14 b) Im Übrigen fehlt es schon an einer hinreichenden Darlegung der Zulassungsvoraussetzungen (§ 116 Abs. 3 Satz 3 FGO), weil der Kläger insoweit keine Divergenzentscheidung(en) benannt hat (Gräber/Ruban, a.a.O., § 116 Rz 41, m.w.N.). Den vom Kläger angeführten Rechtssatz, dass für die Frage der Überschusserzielungsabsicht auf den Zeitpunkt der Investitionsentscheidung abzustellen ist, hat das FG seinem Urteil ausdrücklich zugrunde gelegt (s. dort unter II.4. der Entscheidungsgründe). Mit dem sinngemäßen Vorbringen, das FG habe einen von der Rechtsprechung aufgestellten Rechtssatz im Ergebnis falsch auf den konkreten Streitfall angewendet, wird lediglich ein Subsumtionsfehler gerügt, mit dem der Zulassungsgrund des § 115 Abs. 2 Nr. 2 FGO nicht schlüssig dargetan wird, denn die Rechtseinheit wird nicht schon durch eine rechtsfehlerhafte Entscheidung im Einzelfall gefährdet, sondern nur durch die Nichtübereinstimmung verschiedener Entscheidungen im Grundsätzlichen (Gräber/Ruban, a.a.O., § 115 Rz 55, § 116 Rz 42, jeweils m.w.N.).

15 3. Verfahrensfehler i.S. von § 115 Abs. 2 Nr. 3 FGO sind nicht ersichtlich.

16 a) Das FG musste den Beweisanträgen des Klägers nicht entsprechen, weil diese aus den zutreffenden Entscheidungsgründen des angefochtenen Urteils (dort unter III.) zu unbestimmt waren und zudem das FG die allgemein gehaltene Tatsachenbehauptung, die als Zeugen benannten Personen hätten mehrfach Dividendenzahlungen in Aussicht gestellt, als wahr unterstellt hat.
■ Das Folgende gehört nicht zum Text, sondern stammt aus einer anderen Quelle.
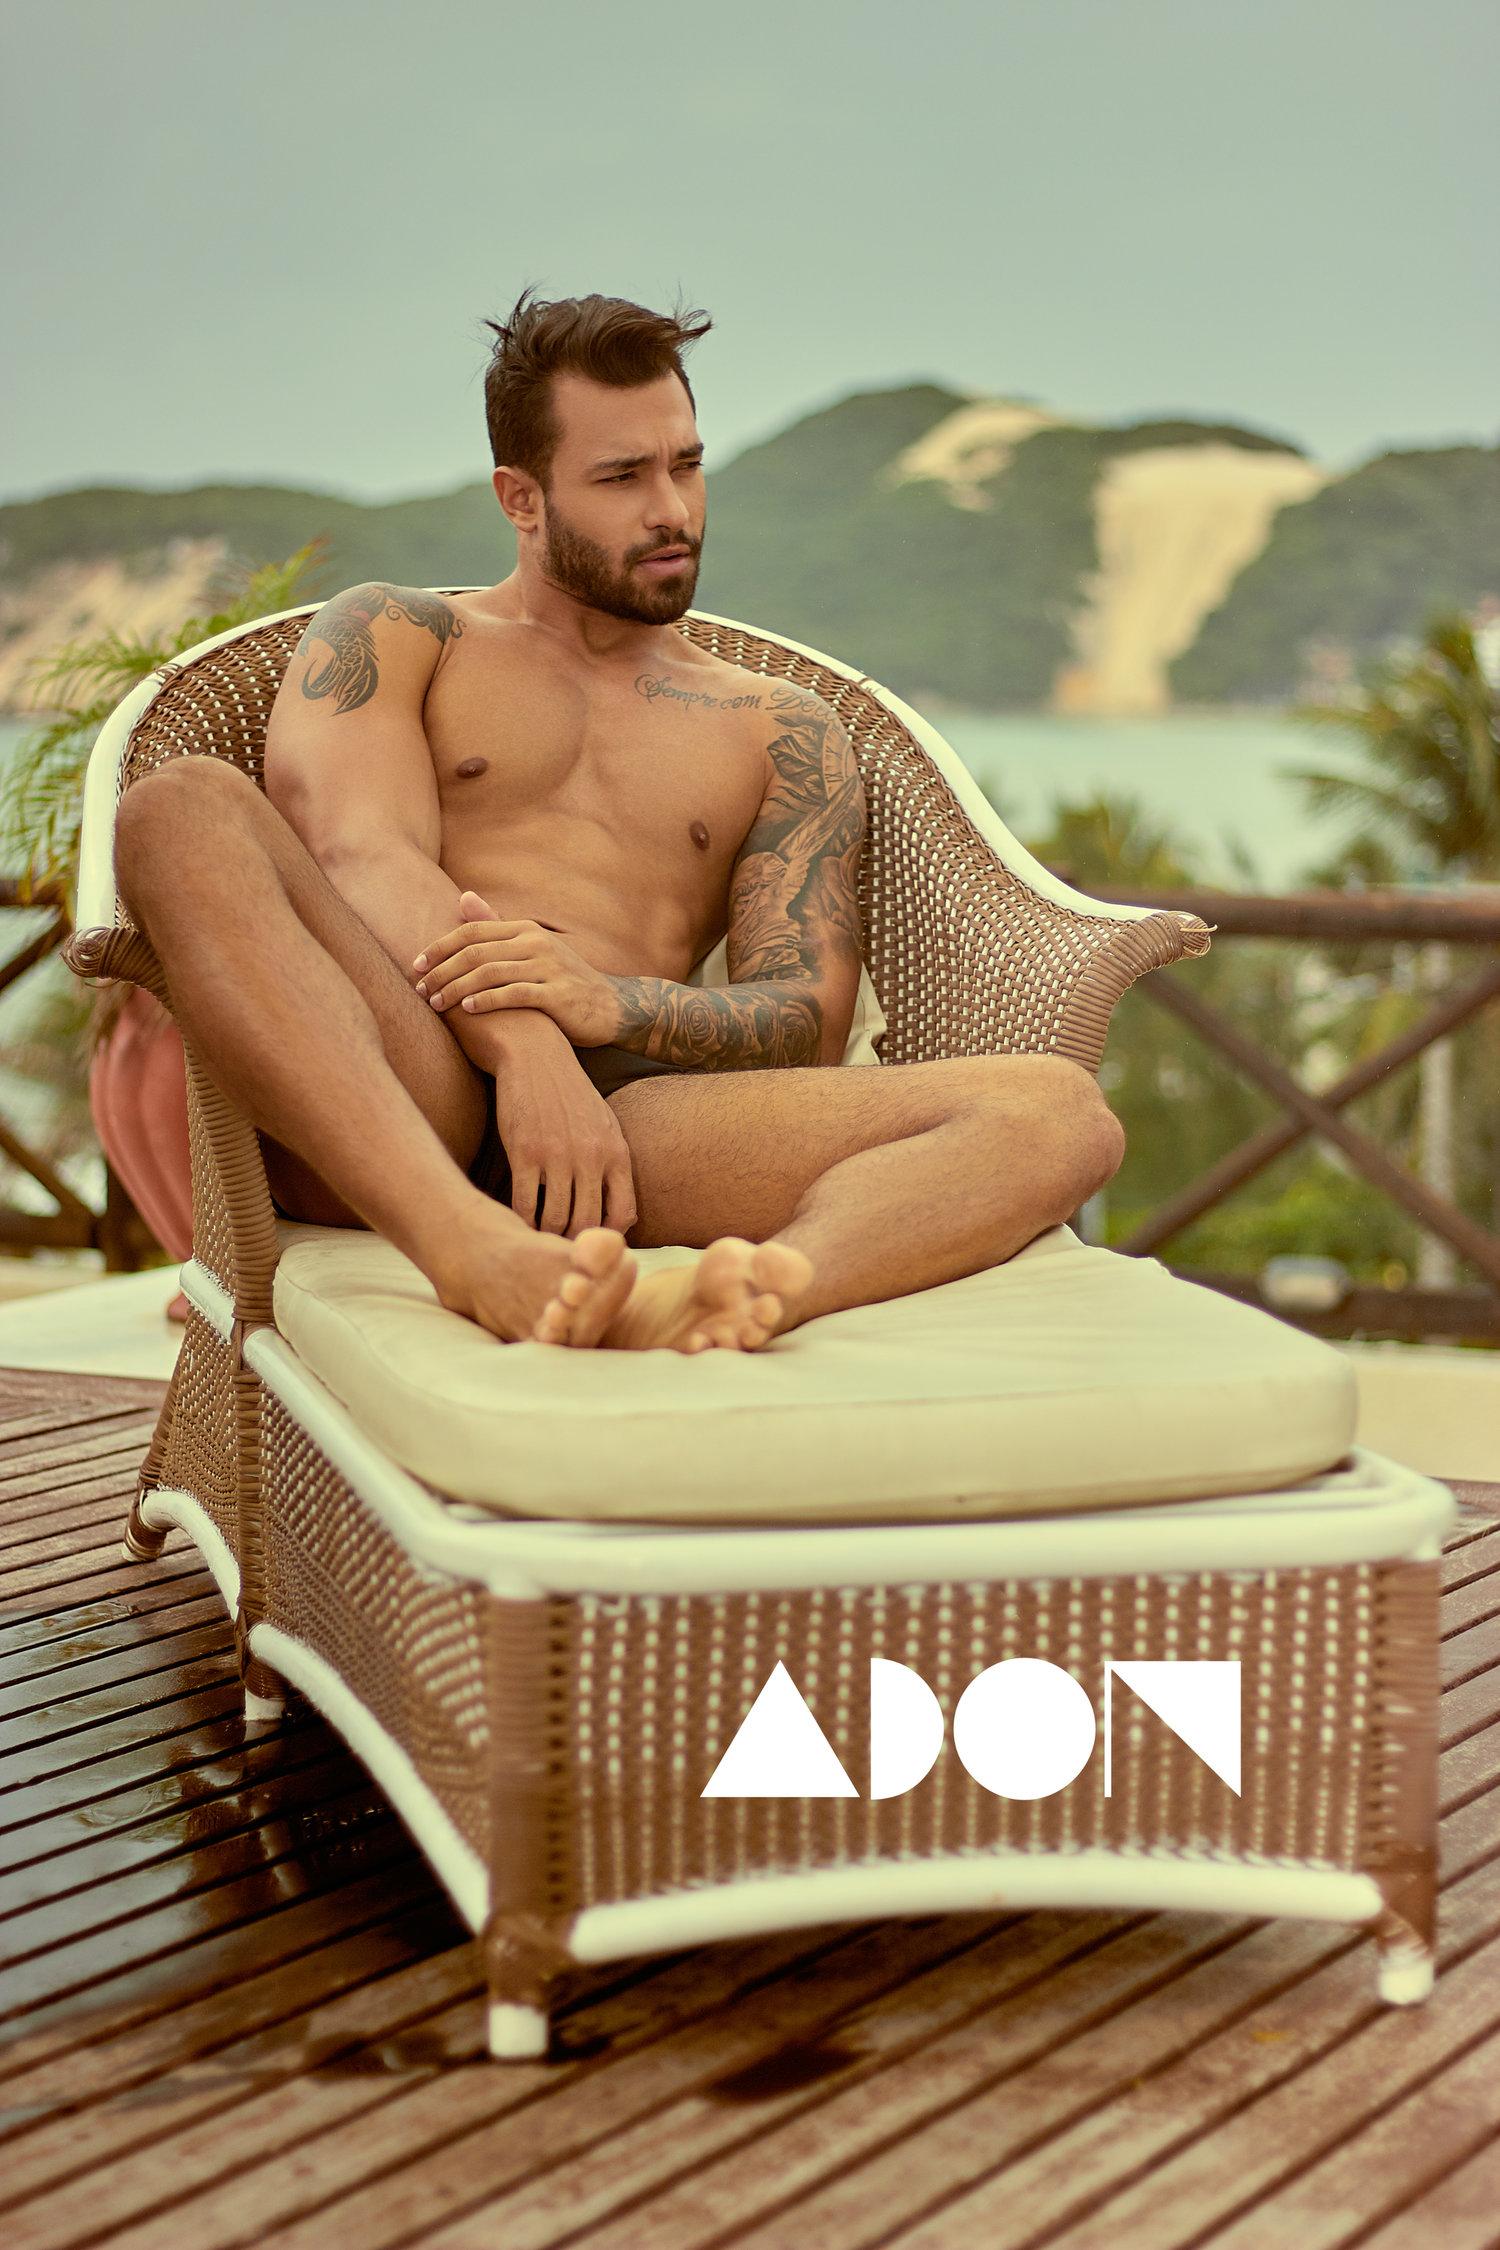 Adon Exclusive: Model Bruno Mooneyhan By Pedro Fonseca

17 b) Das FG hat den Anspruch des Klägers auf ein faires Verfahren und auf rechtliches Gehör nicht verletzt. Der Kläger war nicht gehindert, in der mündlichen Verhandlung zu dem tatsächlichen Vorbringen des FG Stellung zu nehmen. Grundsätzlich wird dem Anspruch auf rechtliches Gehör dadurch genügt, dass das Gericht eine mündliche Verhandlung anberaumt, dort die entscheidungserheblichen Gesichtspunkte erörtert und die Gelegenheit zur Stellungnahme gibt (vgl. , BFH/NV 2005, 1364, m.w.N.), wie dies im Streitfall geschehen ist. Die vom Kläger erhobene Rüge, ihm sei angesichts neuen Tatsachenvortrags durch das FG in der mündlichen Verhandlung zu Unrecht die Gewährung eines Schriftsatznachlasses verweigert worden, ist nicht ordnungsgemäß erhoben und deshalb unbeachtlich. Denn der Kläger hat keine substantiierten Ausführungen dazu gemacht, was er in einem weiteren Schriftsatz zusätzlich vorgetragen hätte und inwieweit dieser Vortrag zu einer für ihn günstigeren Entscheidung des FG hätte führen können (vgl. BFH-Beschlüsse vom I B 190/09, BFH/NV 2011, 291, 292, Rz 16; vom III S 4/11 (PKH), BFH/NV 2011, 1717).